→ **Work instruction**:
Set down the data again word for word. Skip any pictures.
BEGIN Data section
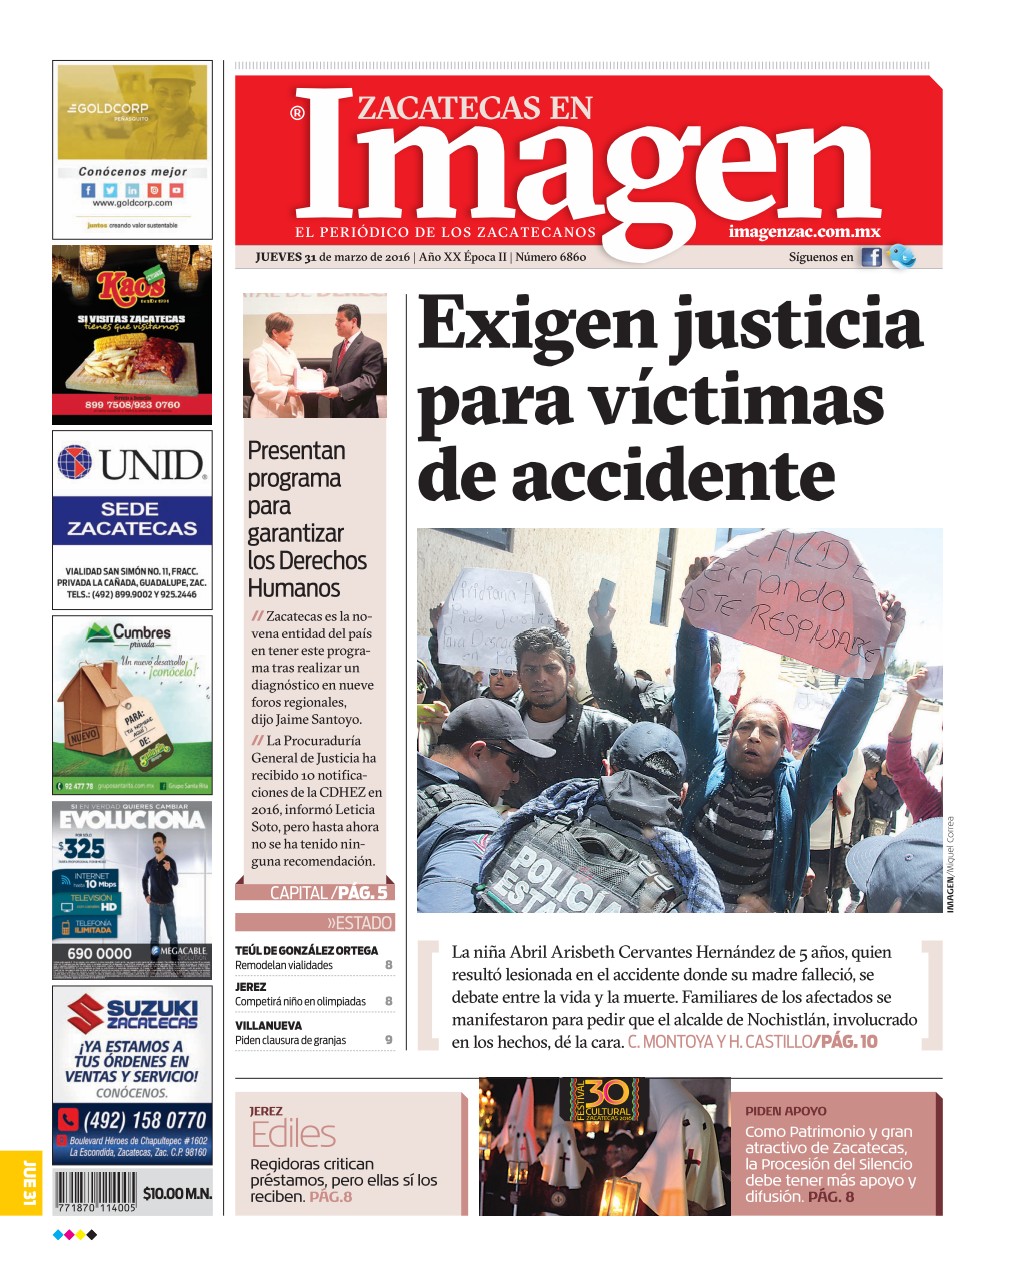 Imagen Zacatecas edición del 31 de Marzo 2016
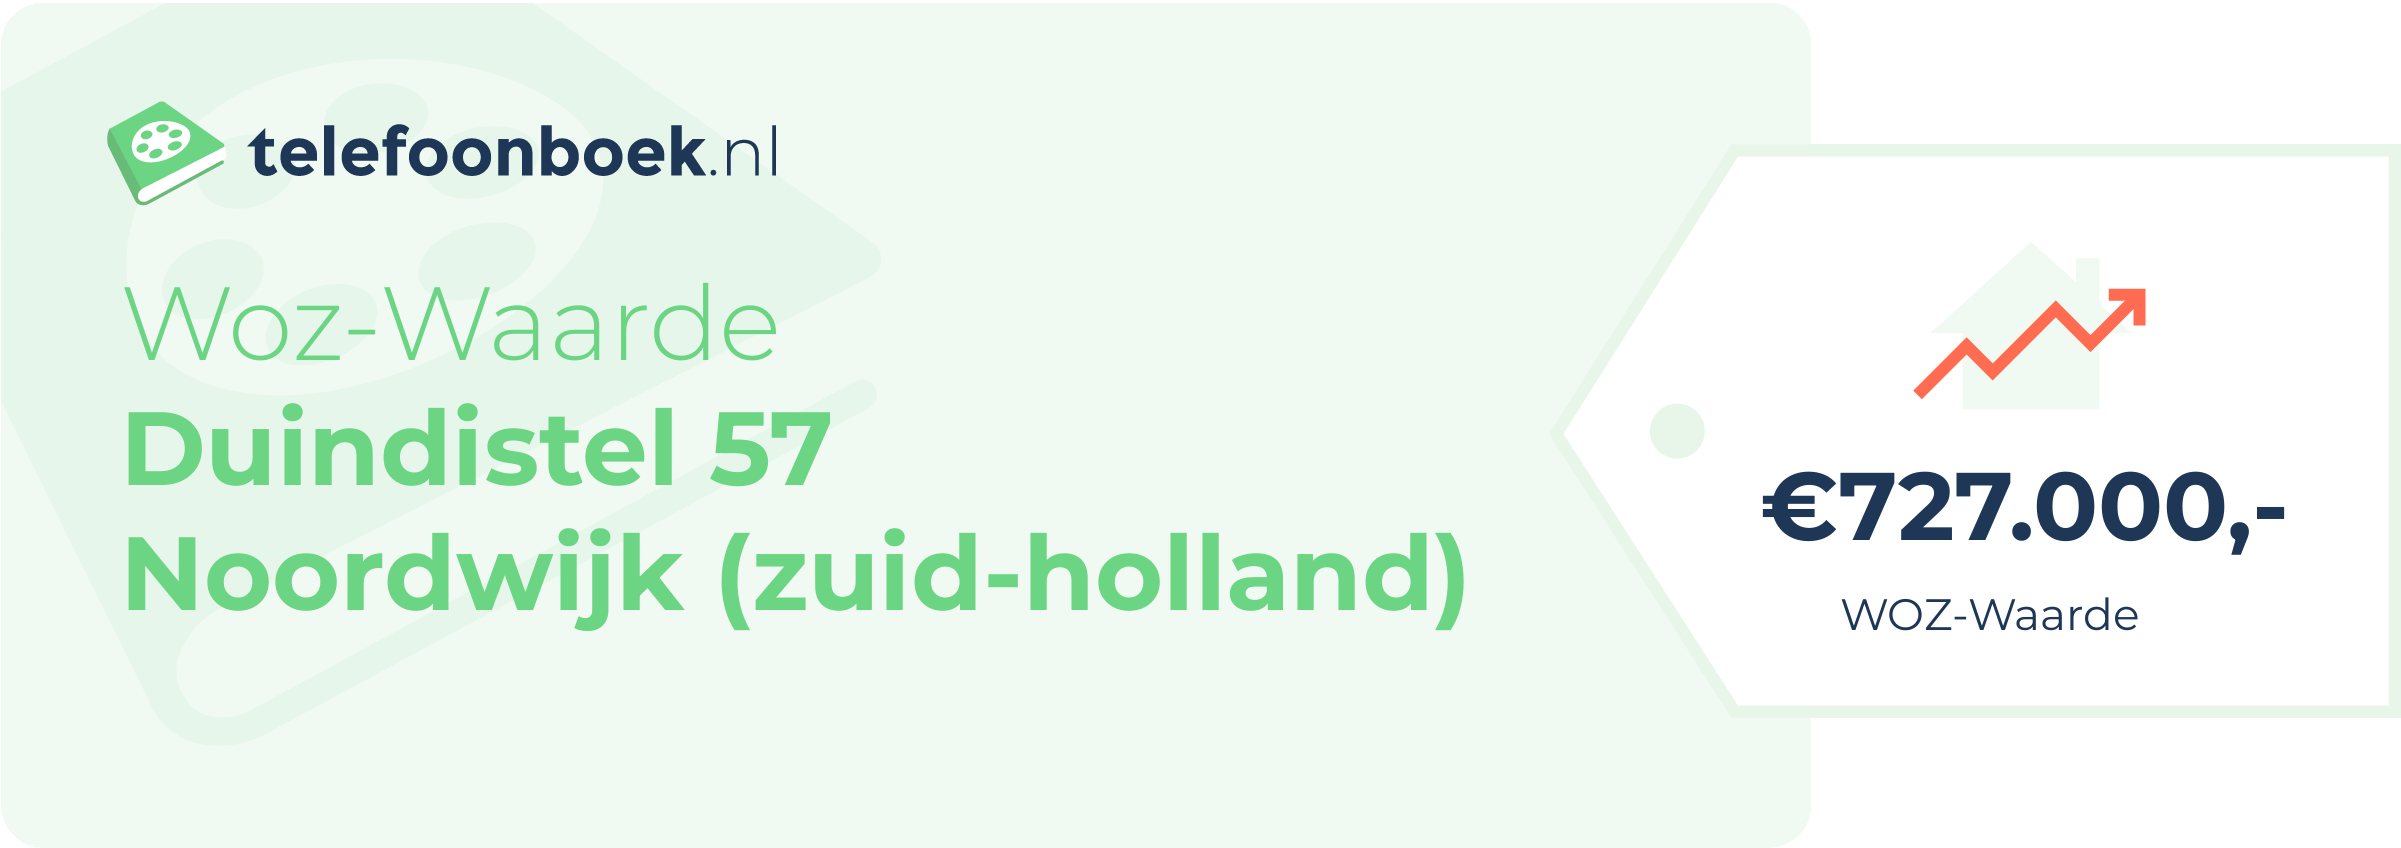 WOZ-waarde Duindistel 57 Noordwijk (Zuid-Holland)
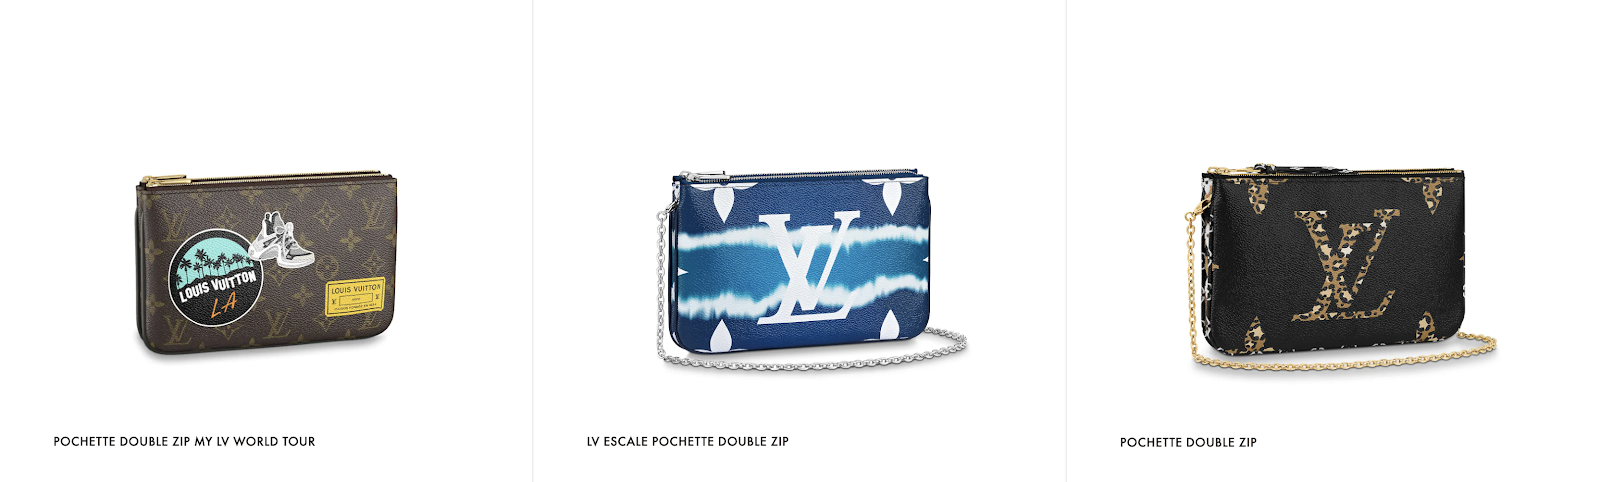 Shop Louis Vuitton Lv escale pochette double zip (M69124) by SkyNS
END Data section
→ **Output of the task**:
 Imagen Zacatecas edición del 31 de Marzo 2016
 WOZ-waarde Duindistel 57 Noordwijk (Zuid-Holland)
 Shop Louis Vuitton Lv escale pochette double zip (M69124) by SkyNS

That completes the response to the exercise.